- Exercise -
Set the listing down unchanged, minus every embedded image.

- Data below -
# # # #
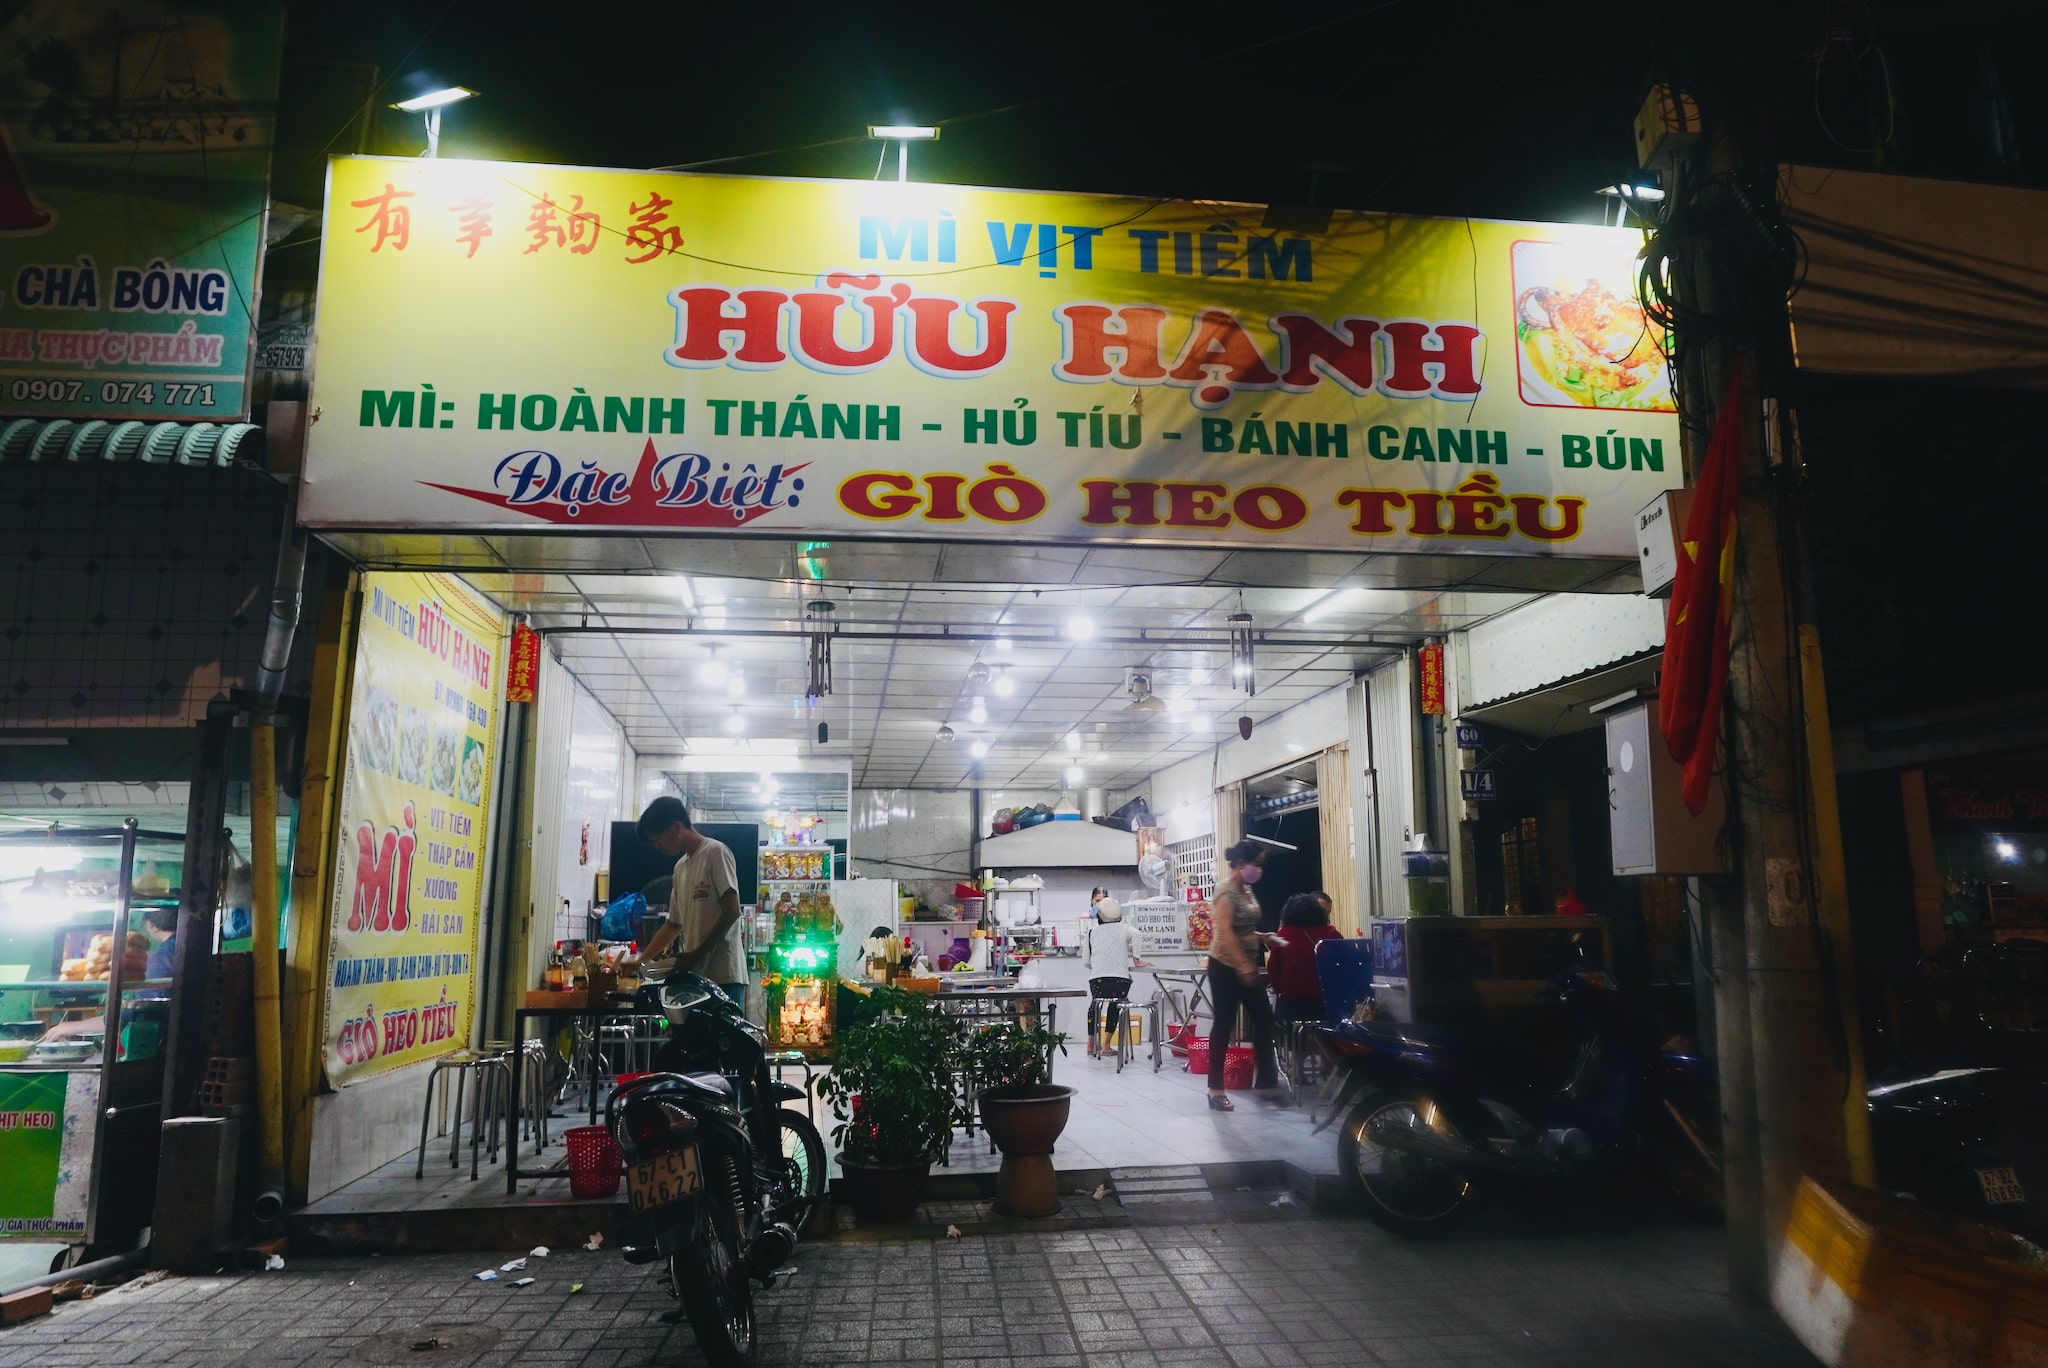 Huu Hanh eatery in Long Xuyen City. Photo: Xuan Tung / Tuoi Tre
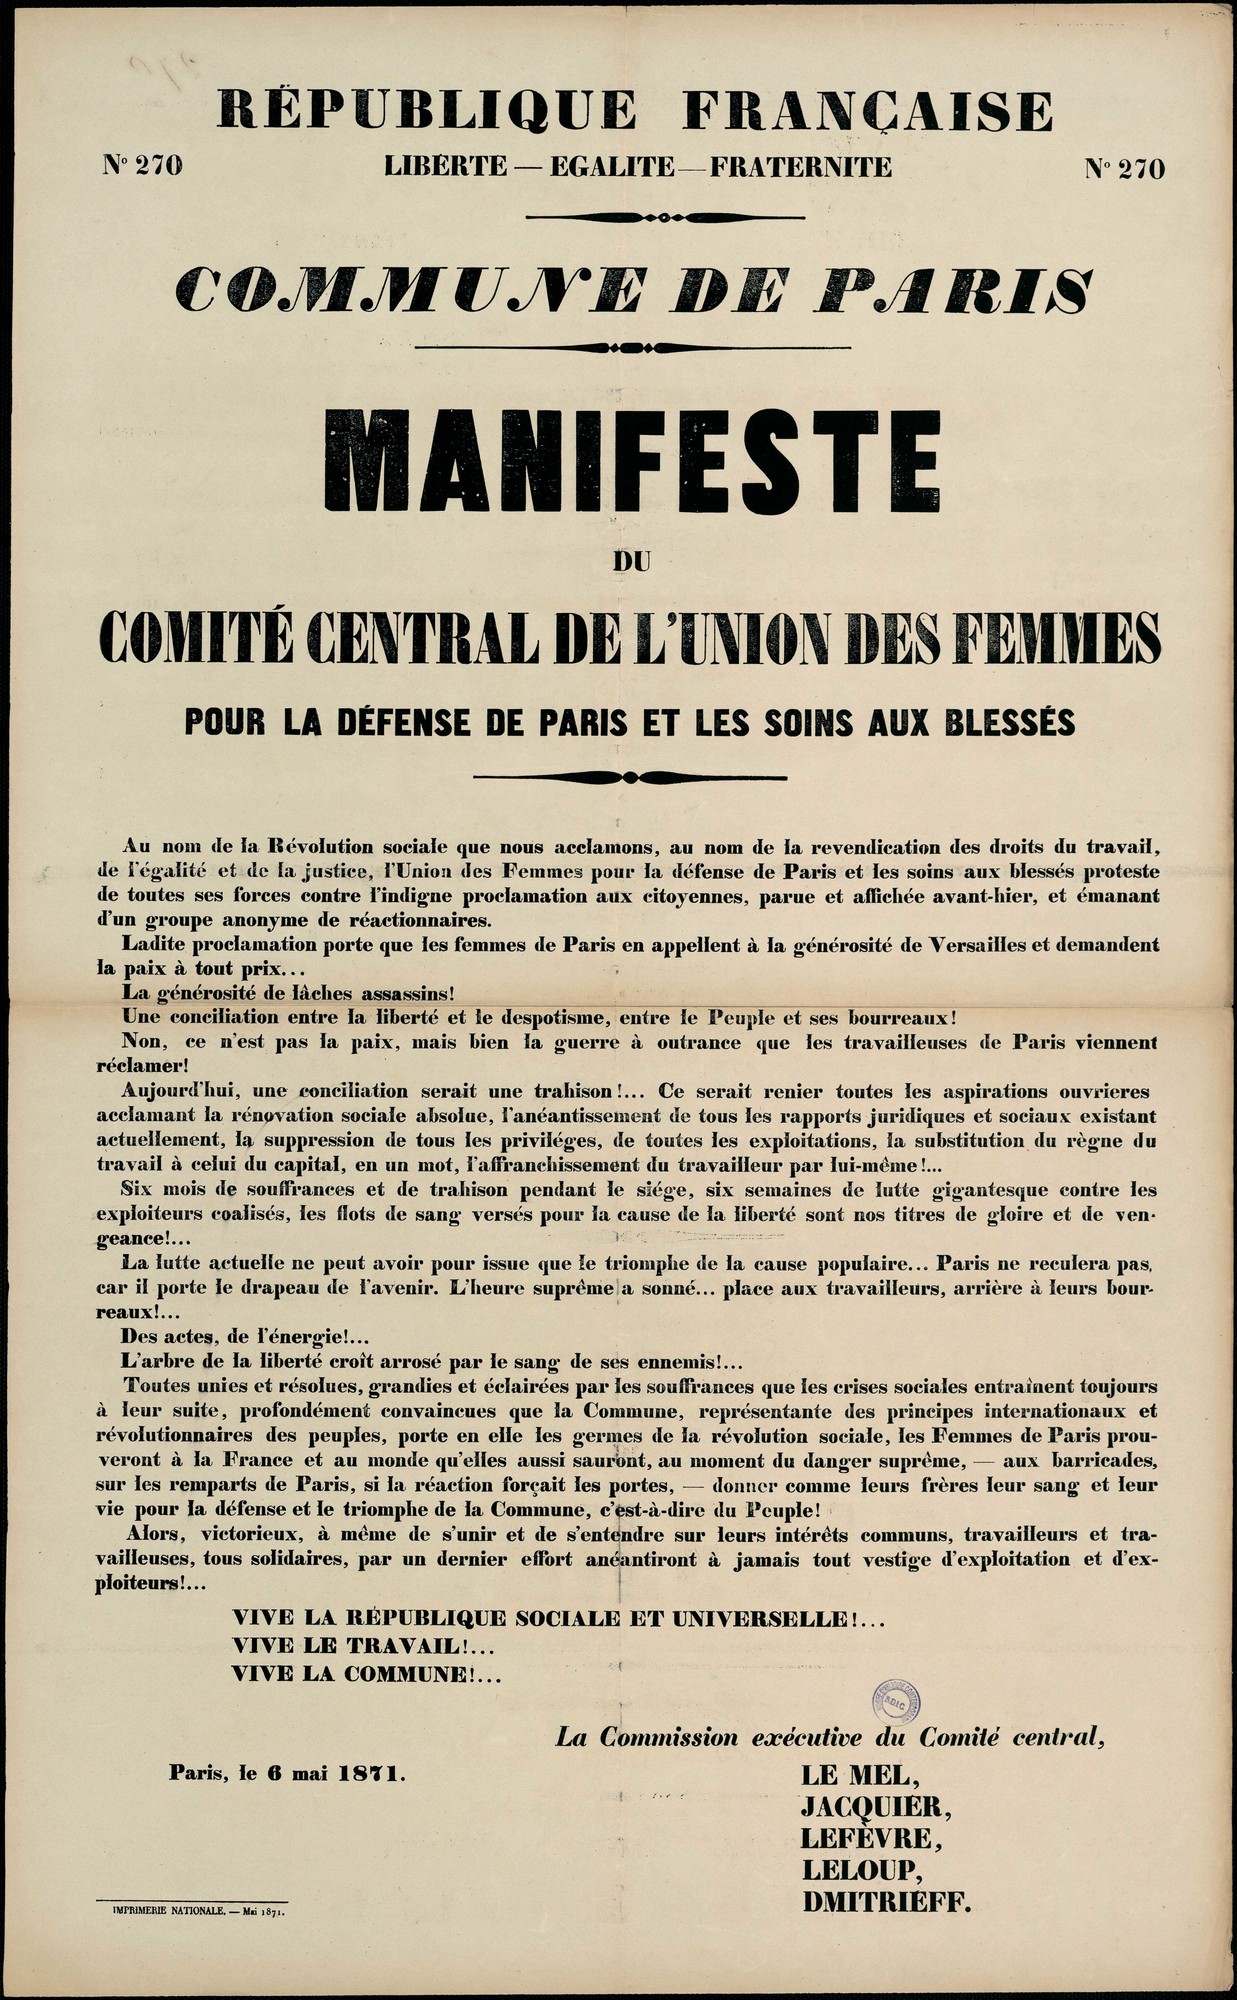 Affiche de la Commune N° 270 du 6 mai 1871 - Manifeste du Comité central de l'Union des femmes pour la défense de Paris et les soins aux blessés  (source La contemporaine à Nanterre - argonnaute.parisnanterre.fr)
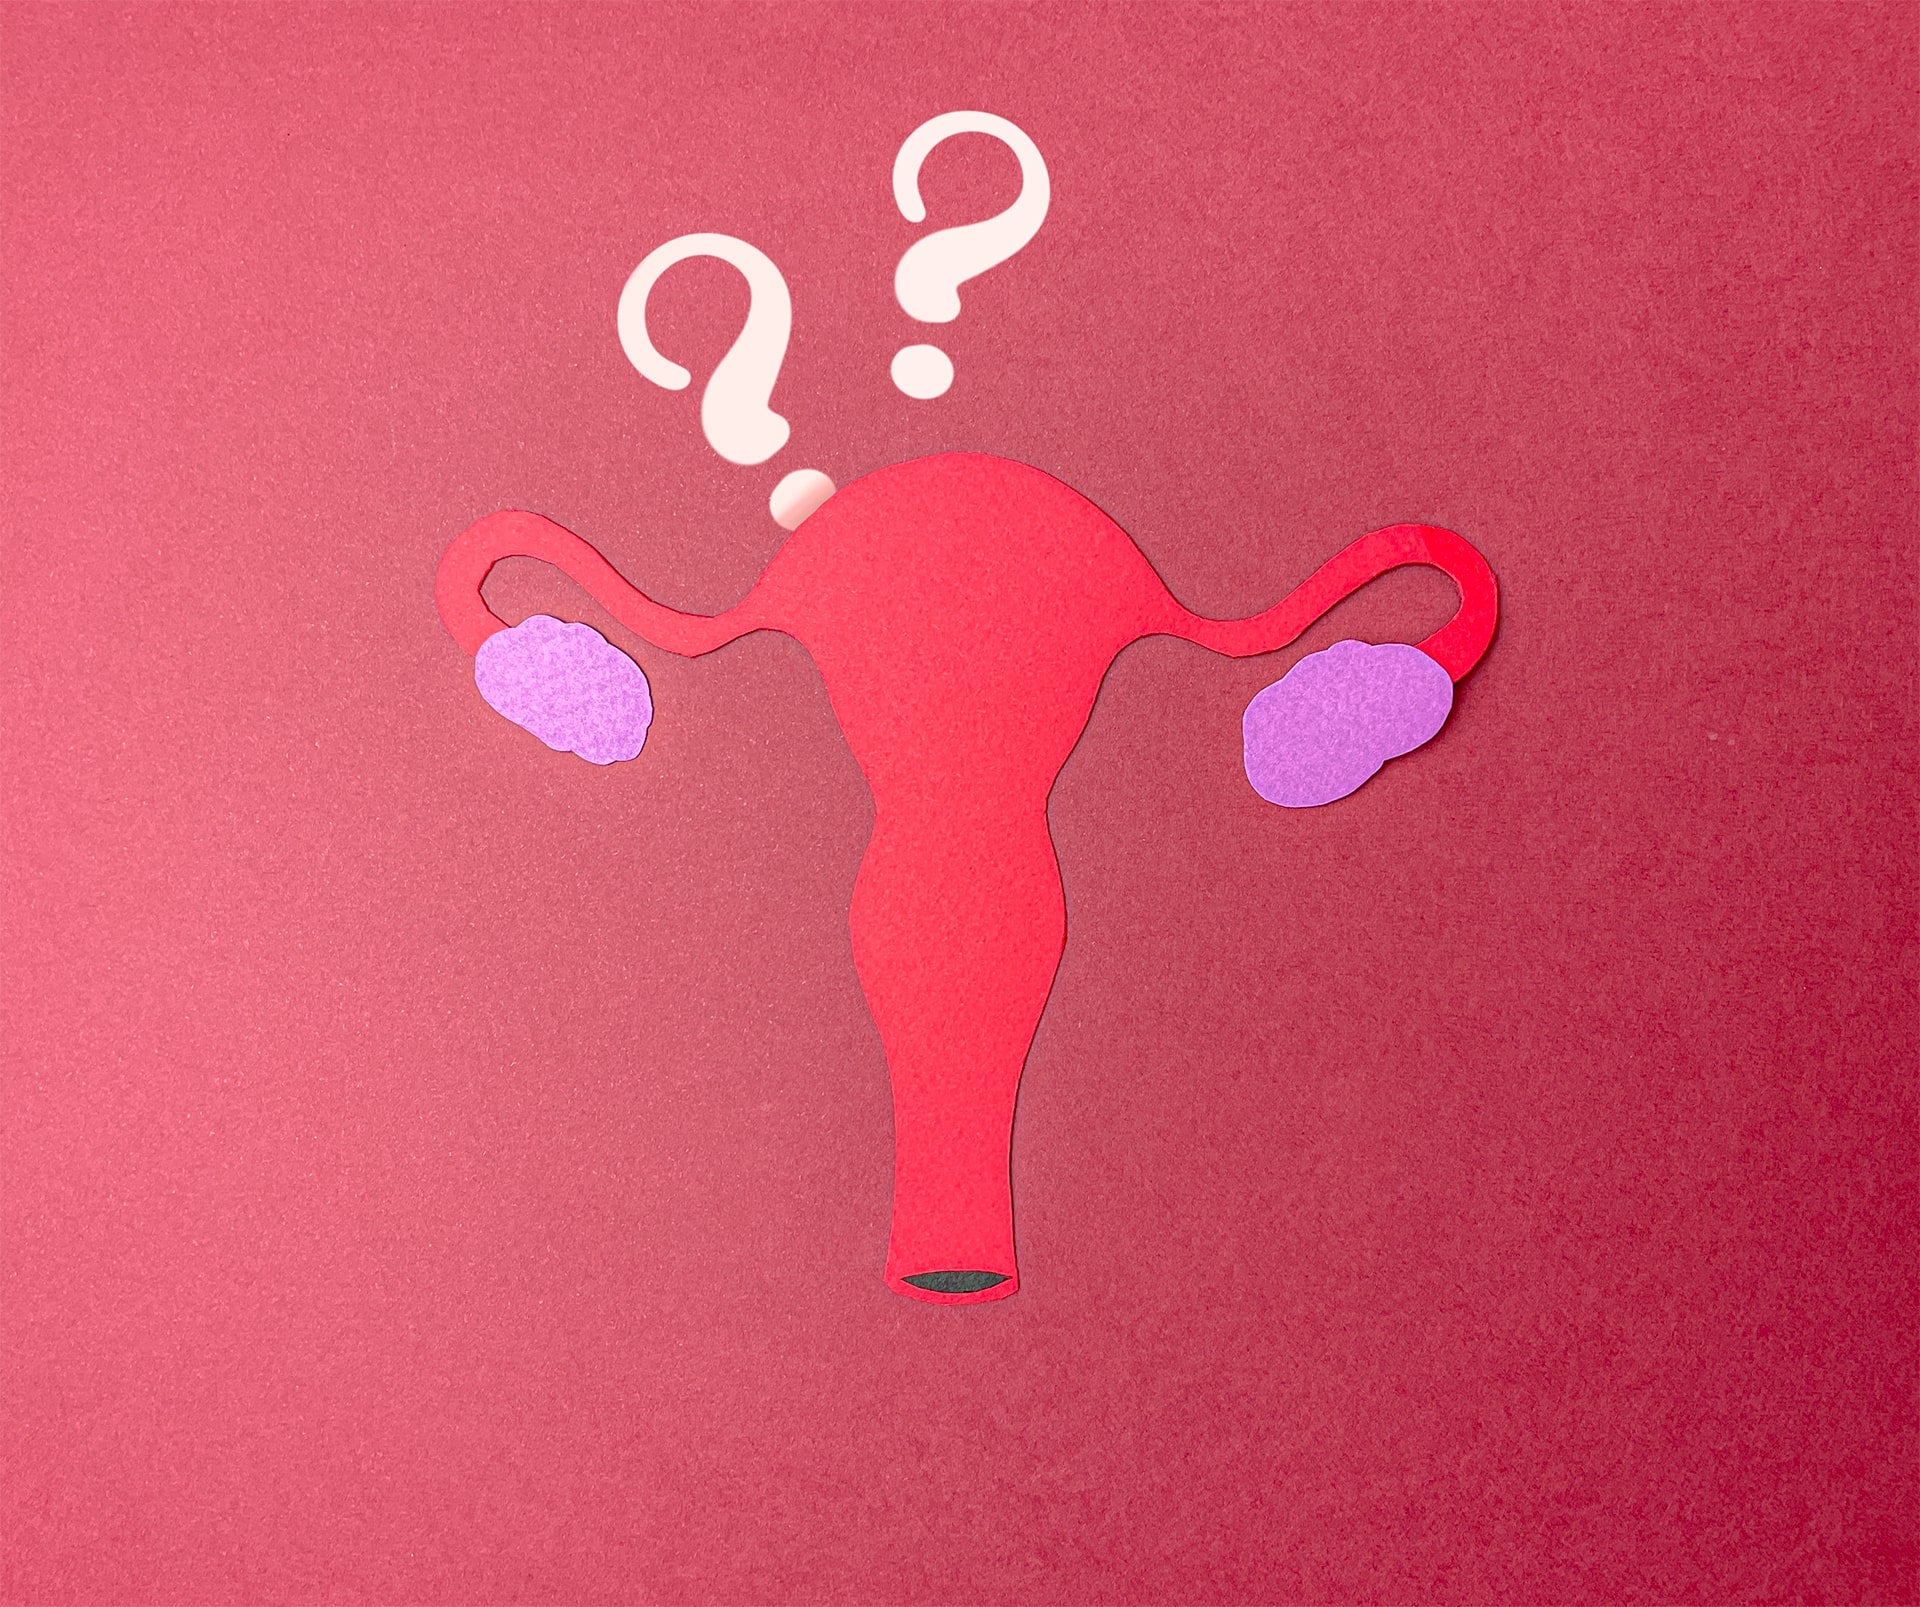 utiliser cup menstruelle coupe menstruelle uterus retroversé luneale possible possibilité
# # # #
- Solution to the exercise -
 Huu Hanh eatery in Long Xuyen City. Photo: Xuan Tung / Tuoi Tre
 Affiche de la Commune N° 270 du 6 mai 1871 - Manifeste du Comité central de l'Union des femmes pour la défense de Paris et les soins aux blessés  (source La contemporaine à Nanterre - argonnaute.parisnanterre.fr)
 utiliser cup menstruelle coupe menstruelle uterus retroversé luneale possible possibilité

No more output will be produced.